Arias a tout lu, a tout vu, il veut le persuader ainsi, c'est un homme universel et il se donne pour tel, il aime mieux mentir que de se taire ou de paraître ignorer quelque chose. On parle, à la table, d'un grand d'une cour du Nord : il prend la parole et l'ôte à ceux qui allaient dire ce qu'ils en savent ; il s'oriente dans cette région lointaine comme s'il en était originaire, il discourt des mœurs de cette cour, des femmes du pays, de ses lois et coutumes : il récite des historiettes qui y sont arrivées, il les trouve plaisantes, et il en rit le premier, jusqu'à éclater. Quelqu'un se hasarde de le contredire, et lui prouve nettement qu'il dit des choses qui ne sont pas vraies. Arrias ne se trouble point, prend feu au contraire contre l'interrupteur : "Je n'avance, lui dit-il, je ne raconte rien que je ne sache d'original : je l'ai appris de Sethon, ambassadeur de France dans cette cour, revenu à Paris depuis quelques jours, que je connais familièrement, que j'ai fort interrogé, et qui ne m'a caché aucune circonstance."

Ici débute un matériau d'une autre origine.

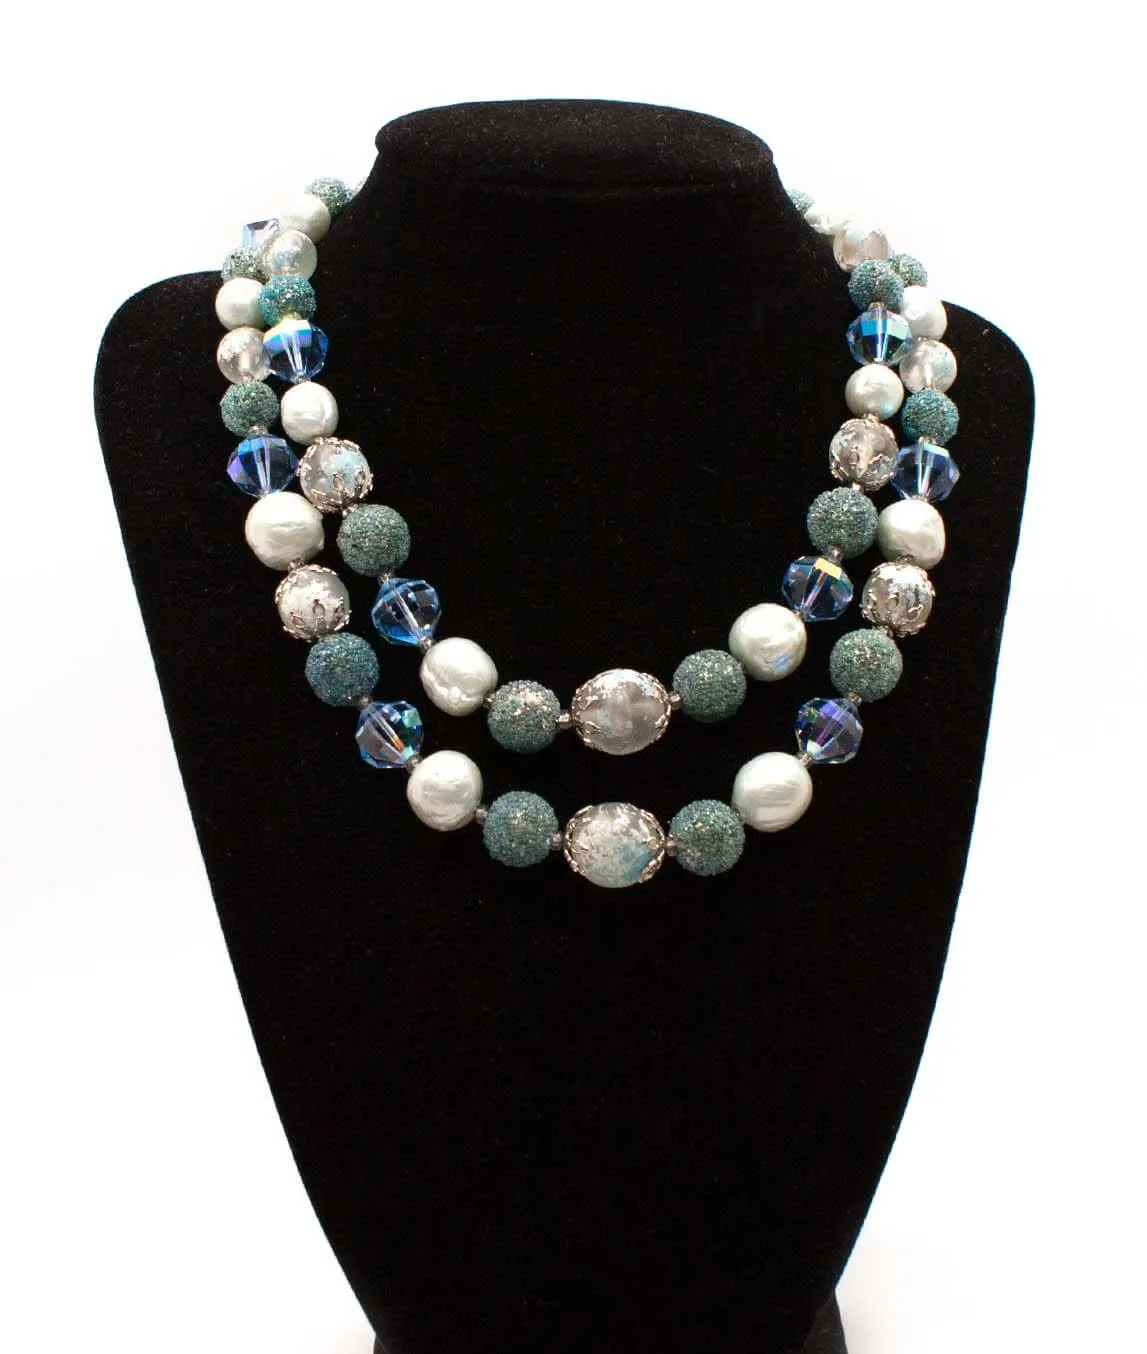 BLUE FACETED GLASS BEADS NECKLACE - DECO PERIOD - Gillian Horsup Vintage  Costume Jewellery
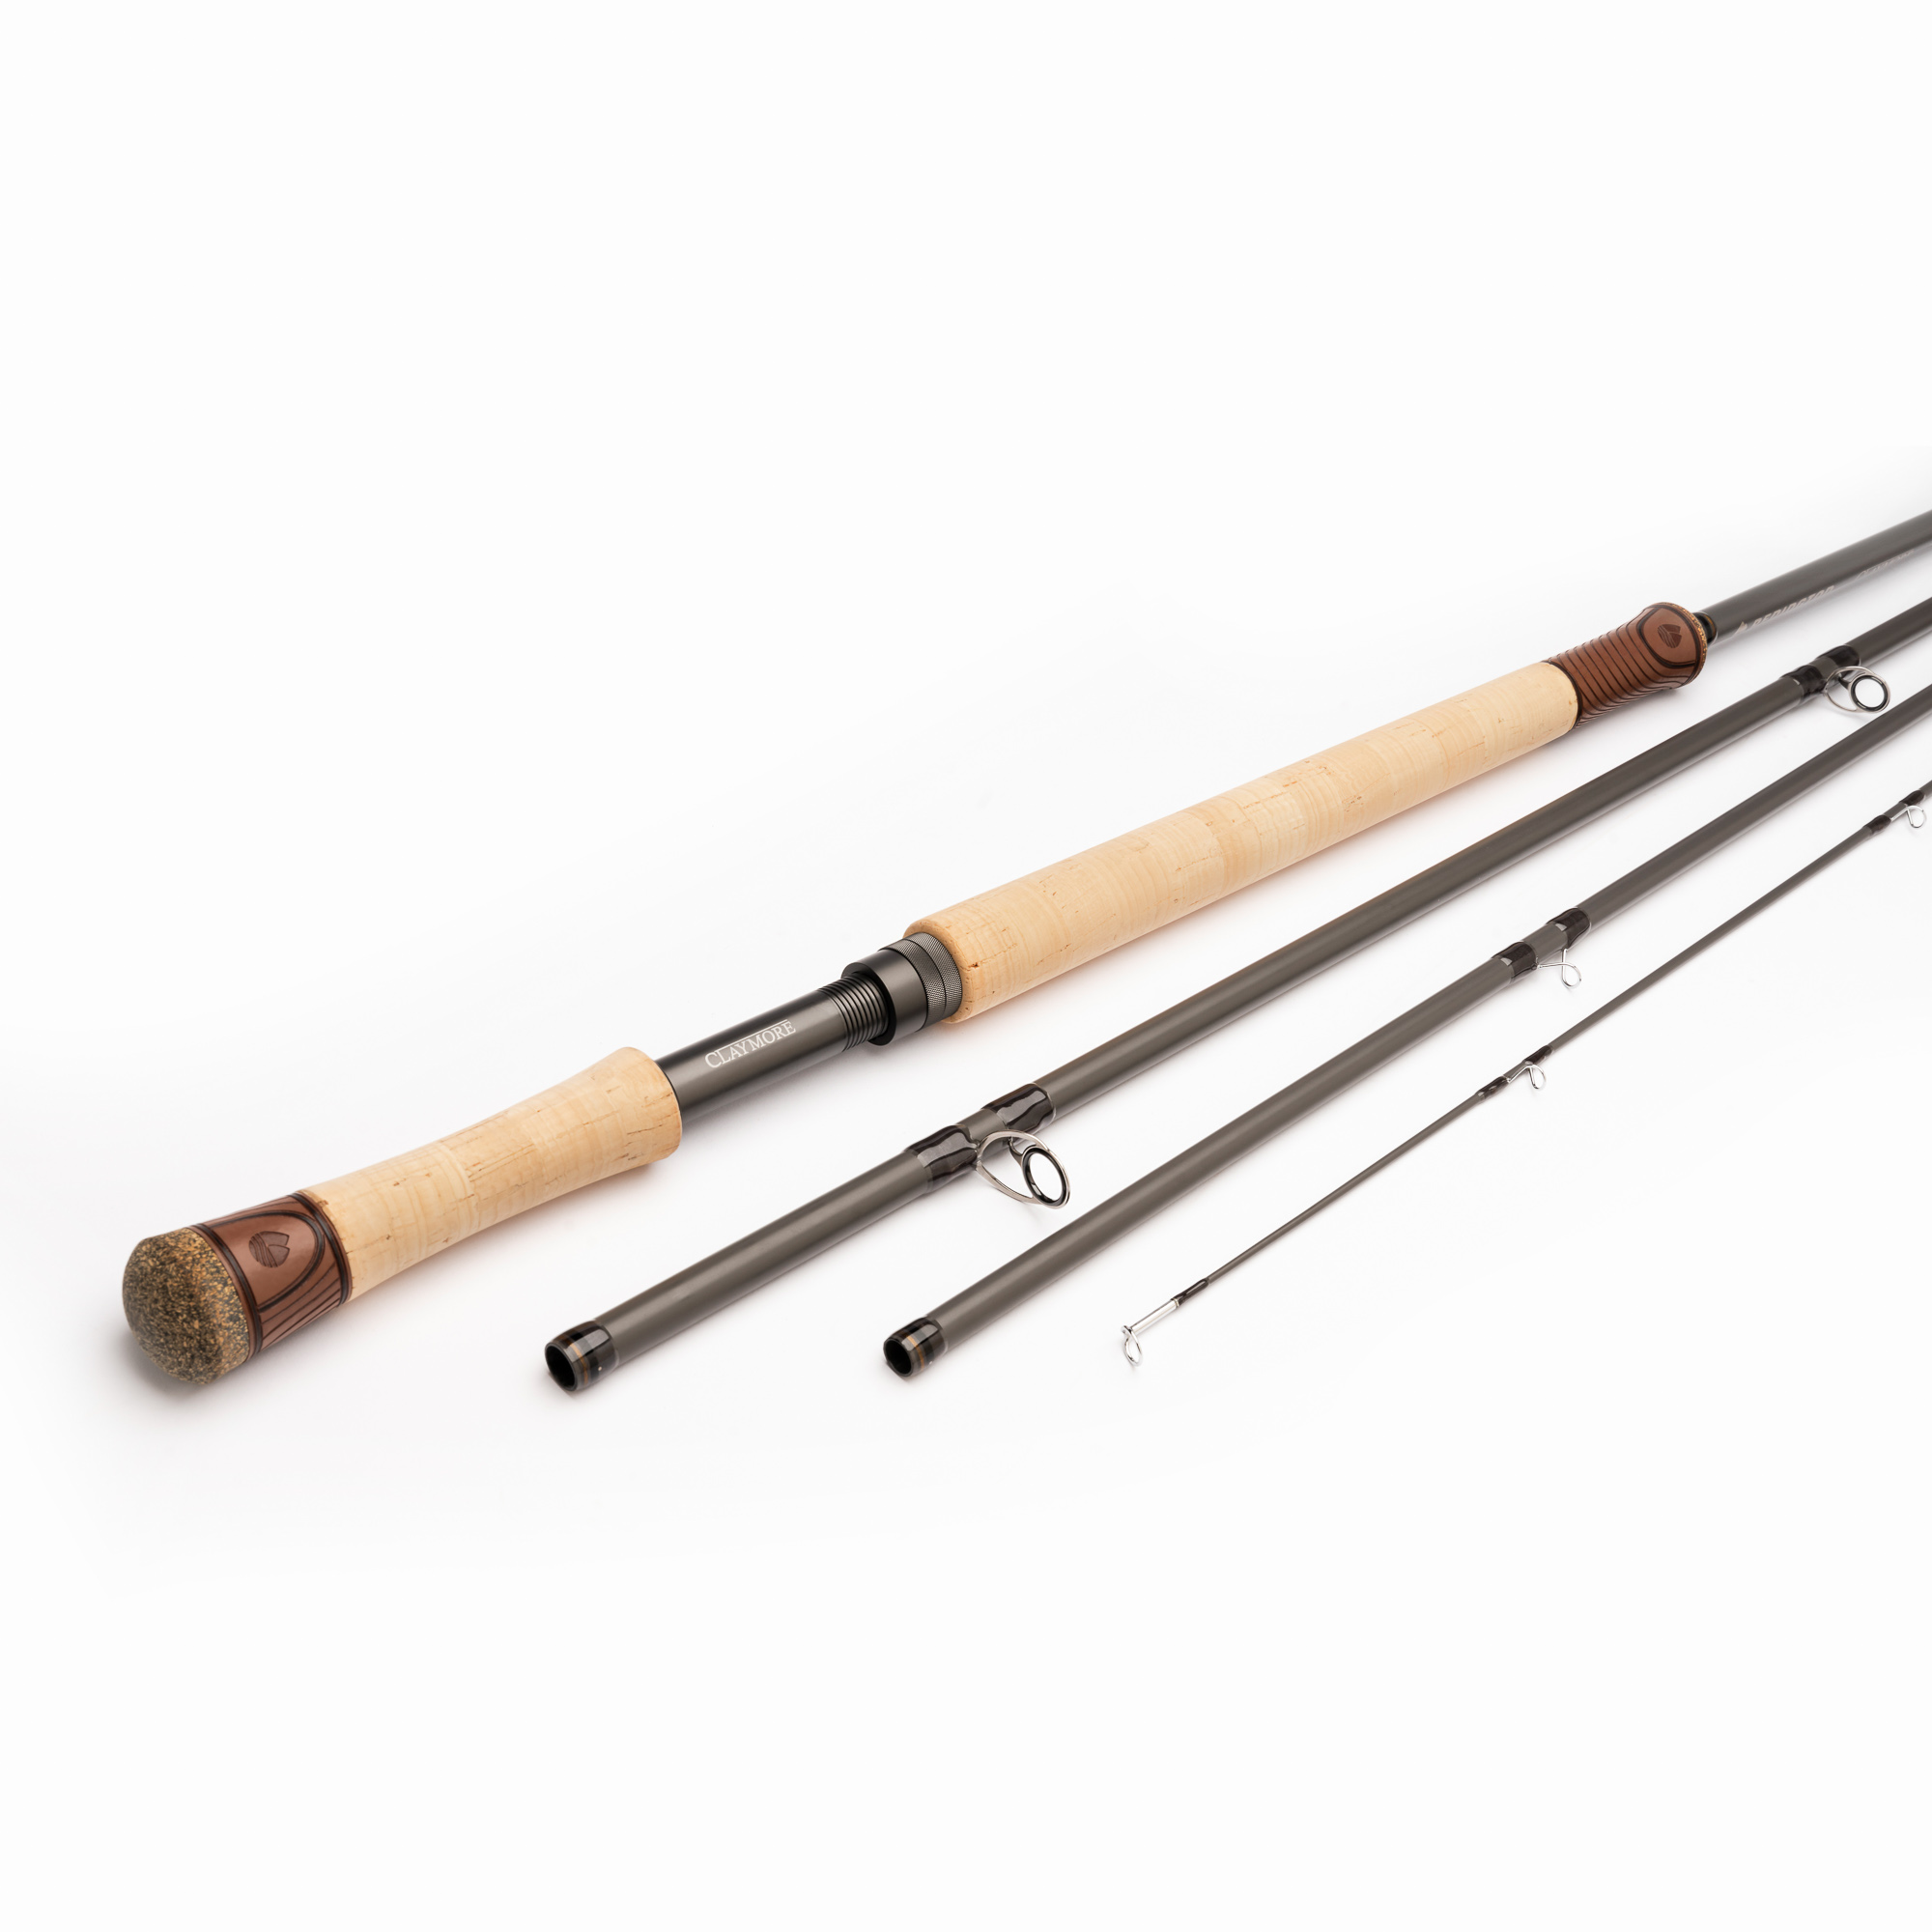 Redington Claymore Trout Spey Fly Rod – Guide Flyfishing, Fly Fishing Rods,  Reels, Sage, Redington, RIO

Il reprenait le fil de sa narration avec plus de confiance qu'il ne l'avait commencée, lorsque l'un des convives lui dit : "C'est Sethon à qui vous parlez, lui-même, et qui arrive de son ambassade."

Champagne

Champagne, au sortir d'un long dîner, qui lui enfle l'estomac, et dans les douces fumées du vin d'Avenay ou de Sillery, signe un ordre qu'on lui présente, qui ôterait le pain à toute une province si l'on n'y remédiait. Il est excusable : quel moyen de comprendre, dans la première heure de la digestion, qu'on puisse, quelque part, mourir de faim ?

Le riche et le pauvre

Gîton a le teint frais, le visage plein et les joues pendantes, l'œil fixe et assuré, les épaules larges, l'estomac haut, la démarche ferme et délibérée. Il parle avec assurance ; il fait répéter celui qui l'entretient, et il ne goûte que médiocrement tout ce qu'il lui dit. Il déploie un ample mouchoir et se mouche avec grand bruit ; (…). Phédon a les yeux creux, le teint échauffé, le corps sec et le visage maigre ; il dort peu, et d'un sommeil fort léger, il est abstrait, rêveur, et il a avec de l'esprit l'air d'un stupide : il oublie de dire ce qu'il sait, ou de parler d'événements qui lui sont connus. (…).

Iphis

Iphis voit à l'église un soulier d'une nouvelle mode. Il regarde le sien et en rougit. Il ne se croit plus habillé. Il était venu à la messe pour s'y montrer, et il se cache ; le voilà retenu par le pied dans sa chambre tout le reste du jour. Il a la main douce et il l'entretient avec une pâte de senteur ; il a soin de rire pour montrer ses dents ; il fait la petite bouche et il n'y a guère de moments où il ne veuille sourire ; il regarde ses jambes, il se voit au miroir : l'on ne peut être plus content de personne qu'il ne l'est de lui-même ; il s'est acquis une voix claire et délicate, et heureusement il parle gras ; il a un mouvement de tête, et je ne sais quel adoucissement dans les yeux dont il n'oublie pas de s'embellir ; il a une démarche molle et le plus joli maintien qu'il est capable de se procurer ; il met du rouge, mais rarement, il n'en fait pas habitude ; il est vrai qu'il porte des chausses et un chapeau, et qu'il n'a ni boucles d'oreilles ni collier de perles, aussi ne l'ai-je pas mis dans le chapitre des femmes.